A bordo da primeira inflação gregoriana de um dígito, desde 1957, decolagem da gastança juscelinista de Brasília, a população brasileira se permite o luxo de encarar o ano-novo com otimismo. Dois terços, exatamente, acreditam que 1997 será melhor do que 1996, que acabou ficando menos ruim do que 1995. Fonte: Gallup.
Realizada na segunda quinzena de novembro, a pesquisa nacional identificou dose ainda maior de otimismo na classe A, recheada de formadores de opinião. Justamente a classe potencialmente mais cética, sobre ser socialmente a mais favorecida pelo ‘‘status quo’’.
Nas classes C, D e E, as mais beneficiadas pelo Plano Real, os otimistas somam 64%. Por que em menor número? Primeiro: os ganhos nos primeiros 30 meses do Real ficaram de bom tamanho, pensam eles. A maioria vegeta nos desvãos da economia informal e nunca teve medo de perder o emprego. Ou melhor: de perder o trabalho. Segundo: em ciclos de desconcentração de renda, os grupos mais beneficiados saem da letargia e do fatalismo para a descoberta de novas necessidades e novas frustrações. O tal de Efeito Sauvy, como dizem os economistas.
O Índice de Otimismo vem sendo produzido pelo Gallup, em cada virada de ano, desde 1981. Na recessão de 1981/83, ele trafegou perto de zero. Na entrada da Nova República, em 1985, saltou para 38%. Com a frustração do Plano Cruzado, não sobrou um único otimista no ‘‘réveillon’’ de 1986. Outra onda de esperança coletiva varreu o País no Natal de 1989, com índice de 42% de confiança no primeiro presidente eleito em 25 anos. E tome outra decepção colossal: 18% abaixo de zero em dezembro de 1990.
Nos três anos seguintes, os otimistas do ano-novo nunca passaram de 20%. Com a estréia do Real, em julho de 1994, o Índice de Otimismo escalou o recorde de 58%. No ‘‘réveillon’’ passado, o Real baixou a bola para 52%. Agora, crava novo recorde desde o lançamento em 1981: otimismo de 66%.

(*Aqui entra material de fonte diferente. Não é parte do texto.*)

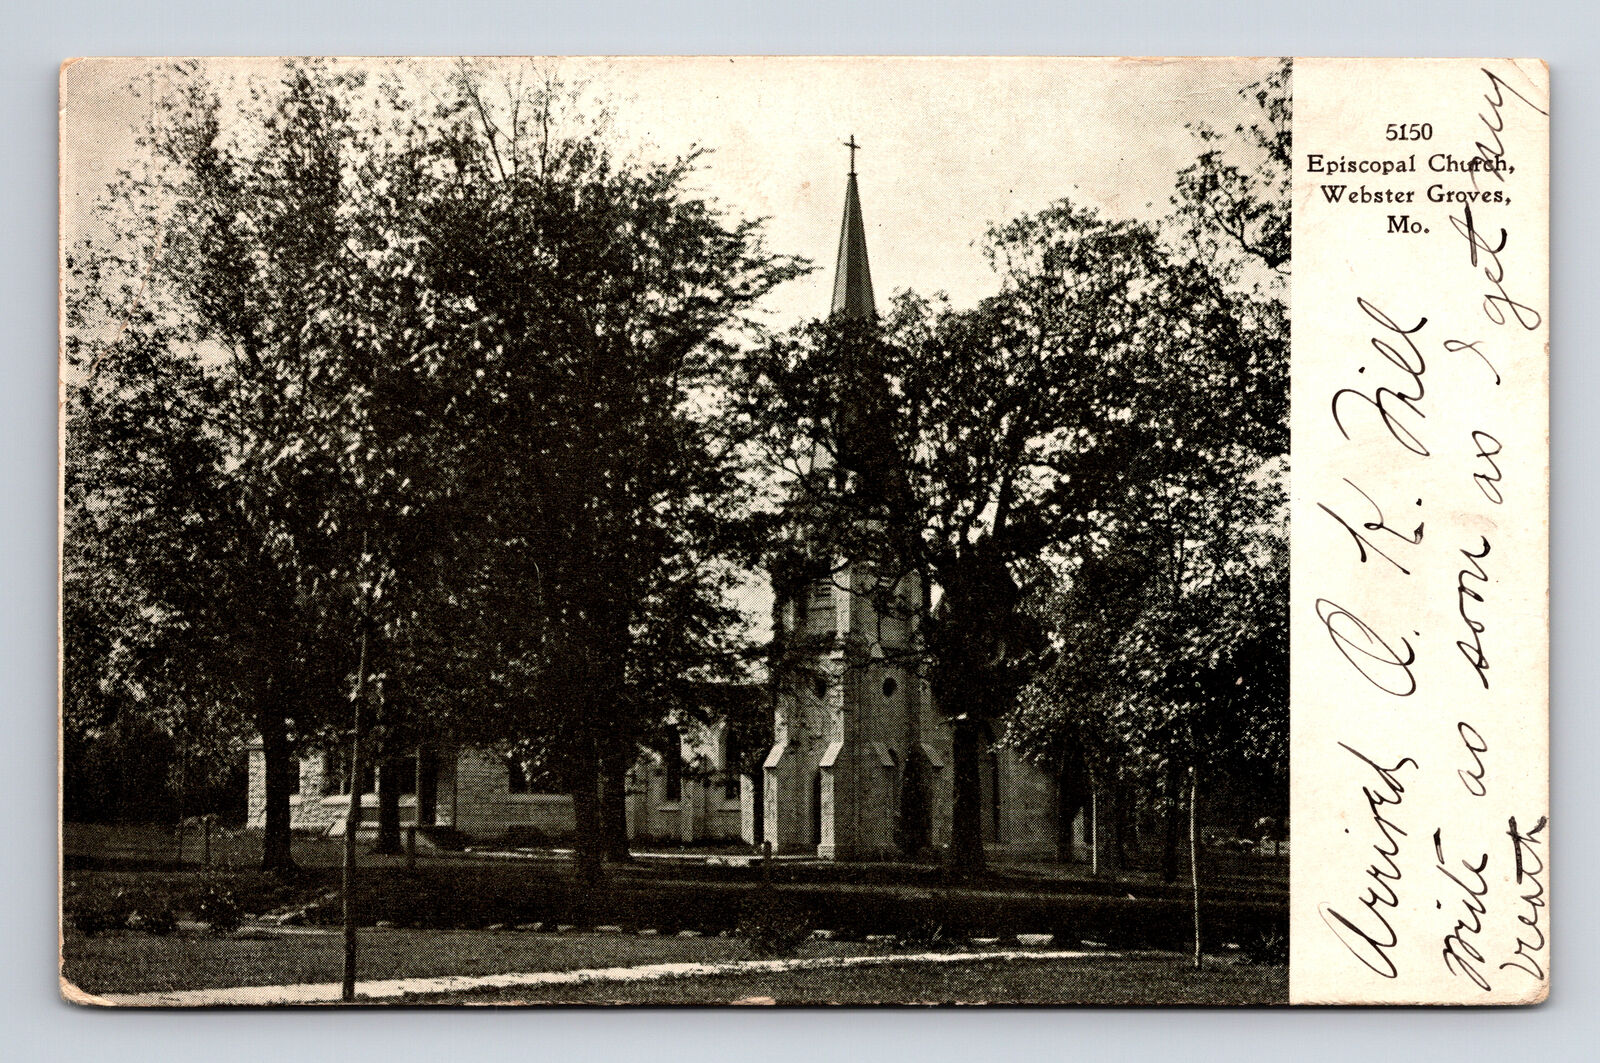 1908 Episcopal Church Webster Groves MO St Louis County Adolph Selige Postcard

O que espera a maioria dos brasileiros? Cinco indicadores combinados: 1) inflação ainda menor; 2) expansão da economia em geral; 3) aumento da oferta de emprego; 4) aumento real do salário; 5) governo e Congresso reformando tudo o que deve ser reformado.Desemprego
- Inflação quase dentro da jaula e arrocho salarial amaciado, a preocupação maior dos brasileiros, na área econômica, é com a ‘‘garantia do emprego’’. Para 48% dos entrevistados pelo Gallup, o desemprego ‘‘tende a crescer’’ no ano-novo.
Já foi maior
- Ano passado, a expectativa de desemprego crescente contaminou 58% dos entrevistados. Mas o pico da sinistrose deu-se na virada de 1991, com 71% de pessimistas. Tiro e queda: 1992 registrou o recorde de desemprego da década, com 6,1%.
Em declínio?
- Para o IBGE, a taxa de desemprego deve estar fechando o ano ao redor de 5,2%, contra o pico de 5,9% na altura de maio. Como as projeções para 1997 apontam um PIB maior que o deste ano, tudo indica que o desemprego continuará recuando.
Bola da vez
- A série do IBGE demonstra que o desemprego no Plano Collor foi maior que no Plano Real. O que aumentou, nos últimos dois anos e meio de estabilização, não foi o desemprego, foi a nossa preocupação com o desemprego. O que é um bom começo.